Мне уже не больно (СИ) - "Dru M". Страница 40
— Картой или наличными? — спрашивает продавщица, вздернув подведенную бровь, когда все пробивает, и мы принимаемся торопливо распихивать коробки по пакетам.
— Картой, — трясущимися руками достаю из бумажника американ экспресс, протягивая ей.
Благословляю небеса за то, что мы последние покупатели в супермаркете, и на кассе нам не встречаются любопытные старушки. Я никогда еще не делал чего-то настолько безумного. Но мне нравится легкое щекочущее ощущение, возникшее в животе — предвкушения и почти детской радости.
Загружаем покупки в багажник и едем, уже не останавливаясь, прямо до дома Романовых. Когда вдалеке показывается увитая пожухлым диким виноградом изгородь, которую венчают шапки подмерзшего снега, Карина начинает беспокоиться.
— А как мы внутрь попадем?.. — спрашивает она, покусывая губу и наклоняясь к нам с заднего сидения. Я достаю из бардачка ключ и показываю ей.
— Нам в сам дом и не надо, только в гараж, — поясняю коротко.
Илья тормозит у будки охранника перед воротами, и я опускаю стекло со своей стороны, стараясь выглядеть небрежно и естественно.
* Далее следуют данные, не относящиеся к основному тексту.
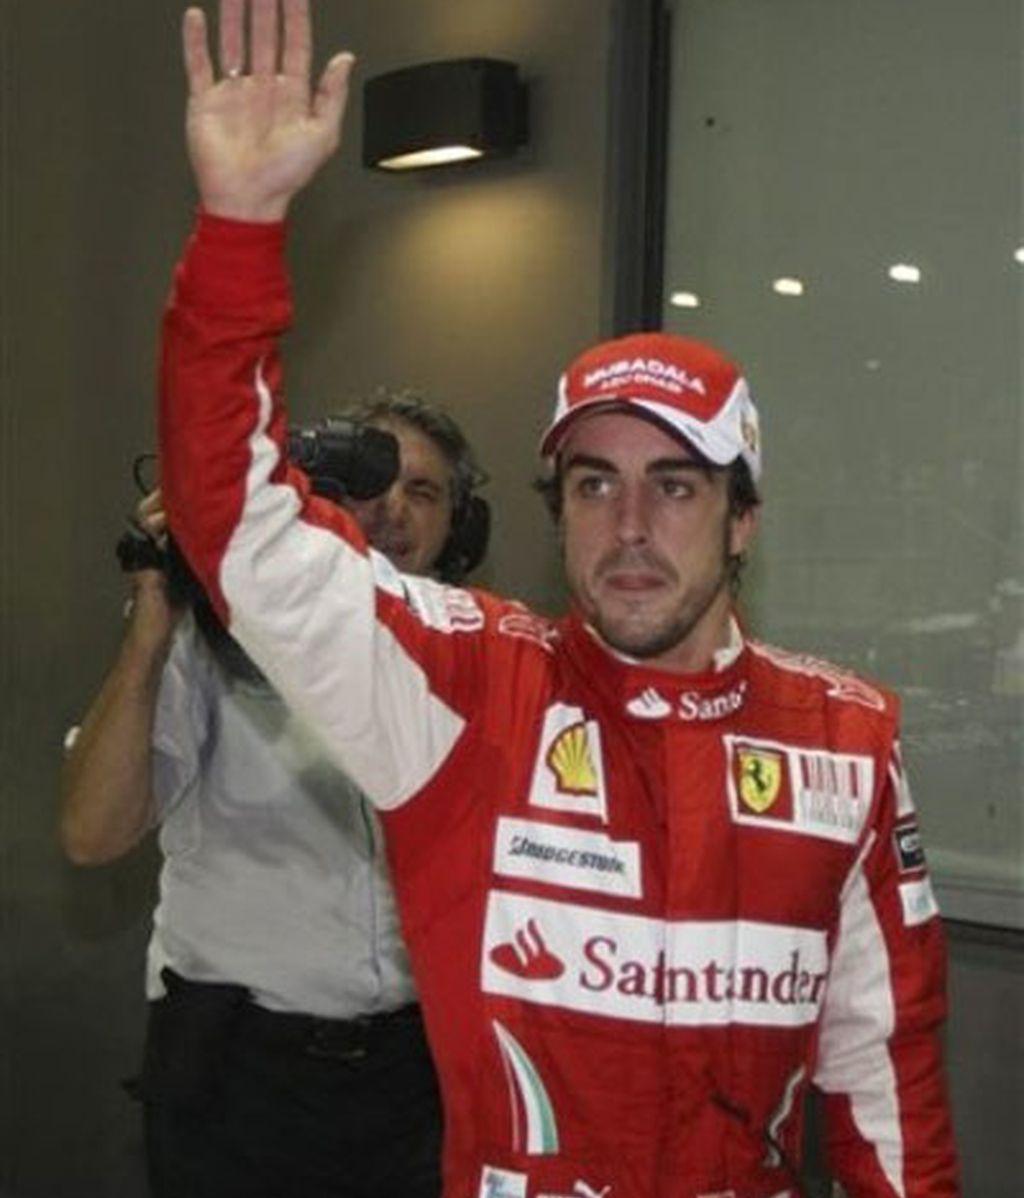 Segunda 'pole' consecutiva para Alonso, la 20ª de su carrera deportiva

Здесь меня знают, можно даже не волноваться, но меня все равно подташнивает.
— Я к Жене, оставлю ему документы и уеду. Предупреждать не надо, — сухо бросаю выглянувшему навстречу охраннику. Тот отряхивается от сонного морока и без задней мысли кивает, открывая ворота. Мы проезжаем внутрь, и Илья разворачивается на просторной мощеной площадке перед главным входом, чтобы мы могли быстро удрать по завершении операции. Фары он не включает, стараясь сделать все как можно более тихо и незаметно, а мы с Кариной быстро проверяем, не горит ли свет в окнах. Трехэтажный особняк Романовых, громоздкий каменный гигант, спит беспробудным сном вместе со своими хозяевами.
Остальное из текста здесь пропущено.